Pat Bertram is the author of Grief: The Inside Story – A Guide to Surviving the Loss of a Loved One. “Grief: The Inside Story is perfect and that is not hyperbole! It is exactly what folk who are grieving need to read.” –Leesa Healy, RN, GDAS GDAT, Emotional/Mental Health Therapist & Educator

6 Responses to “Living Vicariously”

  1. Malcolm R. Campbell Says:

    I think we remembers the lives that had the strongest influences on us, what we believe in general, and how we see ourselves in relation to others.

  2. Estragon Says:

    Ultimately, all we experience, be it in “real” life or as a fiction, gets interpreted and encoded in our minds. Depending on our mood, imagination, and the writer, it’s possible (for me, at least) for a fictional event to be interpreted and encoded nearly as vividly as the real thing. A lot is utterly forgettable dreck though.

    Similarly, the real thing can seem surreal or be misperceived as something it isn’t. A few of us have a talent for remembering some things in perfect detail (photographic memory, for example), but I doubt any of us can remember all the senses involved in every experience. Even “real” life is a sort of fiction – based on reality (like a spy novel might be), but not quite exactly real. As with fiction, much of real life is mundane and forgettable.

    What will I remember years hence? Probably something like a distorted highlights reel with a mix of fiction and “real” life. I hope so, anyway. The alternative is likely one of the types of dementia one suffers in old age, in which the distinction between the two can blur beyond recognition.

    • Pat Bertram Says:

      I certainly agree that much of fiction is drek. I’d sure hate to have that embedded in my brain pan! Luckily for me, those books are forgotten as soon as I close the covers. Very few books seem to make a lasting impression.

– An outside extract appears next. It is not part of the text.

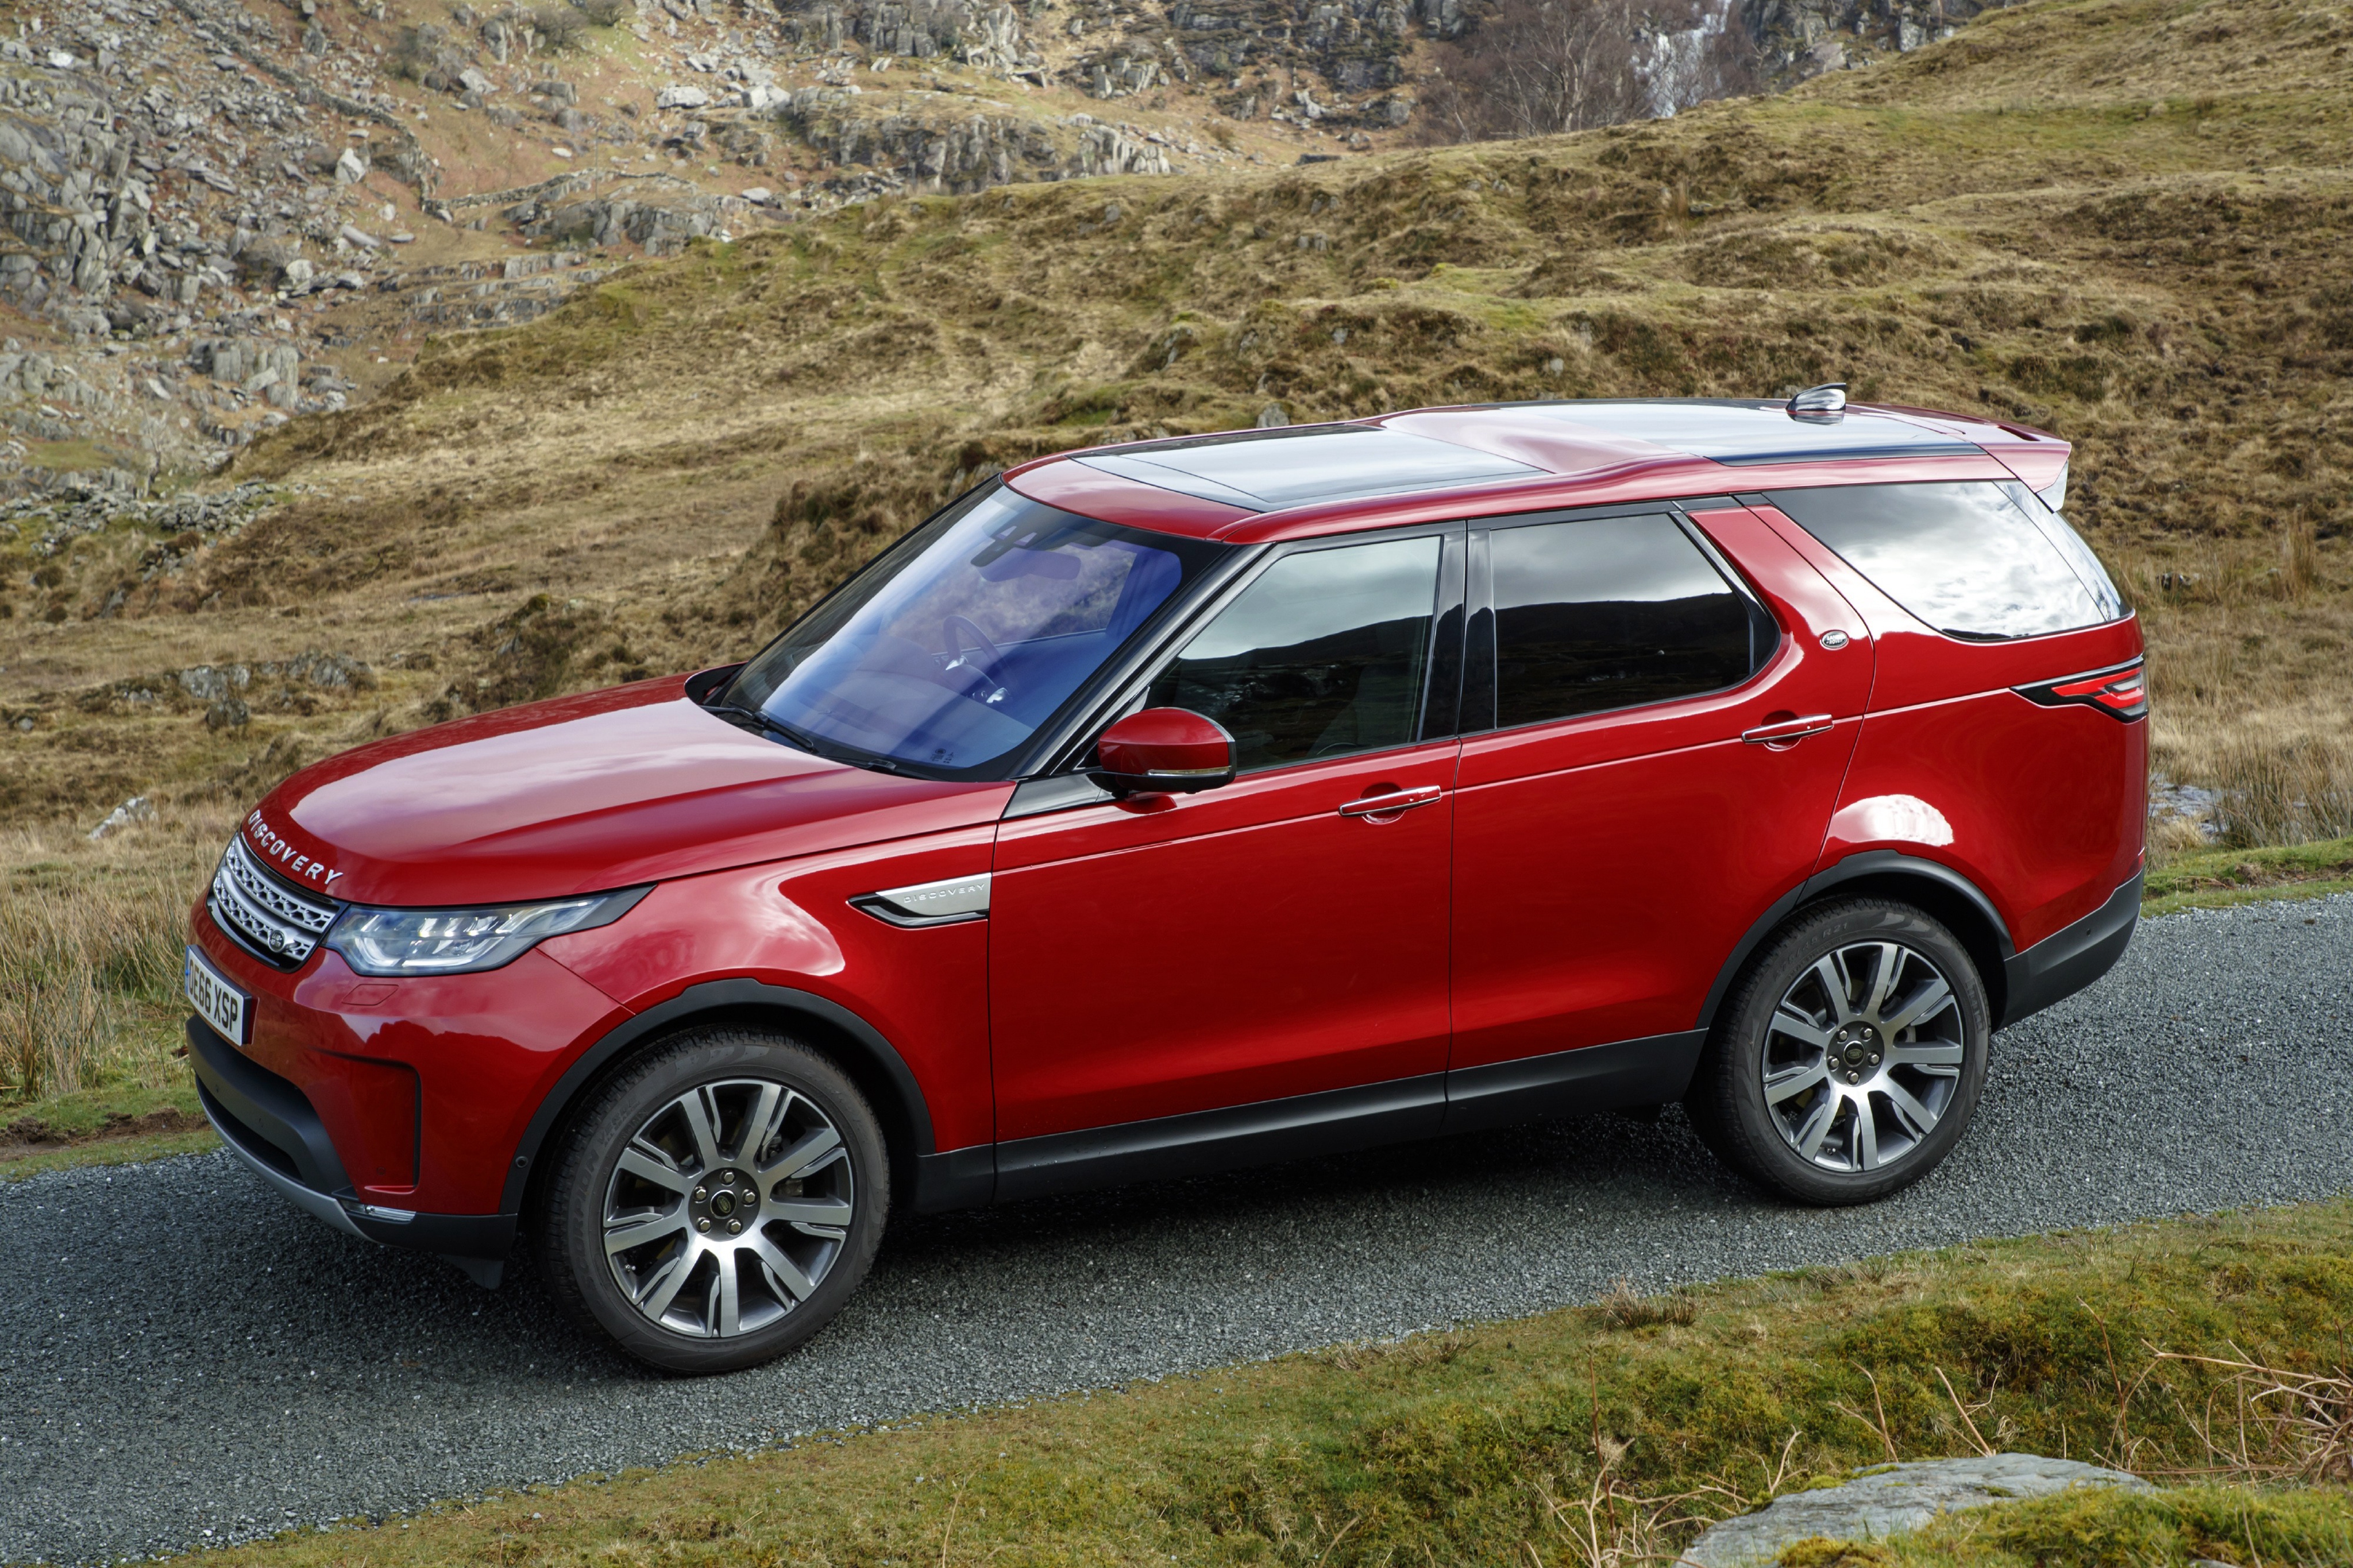 land rover discovery, vehicles, car, land rover, suv iphone wallpaper

      I used to be able to remember almost everything, but not anymore. Not that it matters. As you say, much of real life is mundane and forgettable. And sometimes I’m not sure if what I remember is accurate or is some past fictional foray. It’s a good thing I try just to focus on today.

  3. Uthayanan Says:

    On reading of this blog I asked a question « what is real in french »
    I got some way of thinking from one of the french radio.
    I don’t know how it is related to your subject but still interesting in French.
    Approximately french to English translation :
    Certain words, like “time”, “space”, “void”, “matter”, or even “real” or “reality”, belong at the same time to the discourses of philosophers and physicists. If physics and philosophy are indeed two disciplines that it is important to distinguish, it is necessary, however, to make them discuss on the concepts which they share.
    Take the real, for example. When they talk about it, are physicists and philosophers talking about the same thing? If the answer to this question is ‘no’, why are they using the same word? If the answer is “yes”, that is, if they are indeed talking about the same thing, are they saying the same thing? Undoubtedly not: Heidegger and Einstein hold about the real things which hardly resemble each other. But if they don’t say the same thing, who do we give credit to, physicists or philosophers? This shows that there is a certain urgency to enter into a struggle with the language, and for everyone to specify what they are talking about when they use such and such a word.

    • Pat Bertram Says:

      That is a really interesting point about “real” meaning different things to philosophers and physicists or other scientists.

      I wonder if it is possible to find (or create) a word that would distinguish the different concepts people see in the word ‘real.”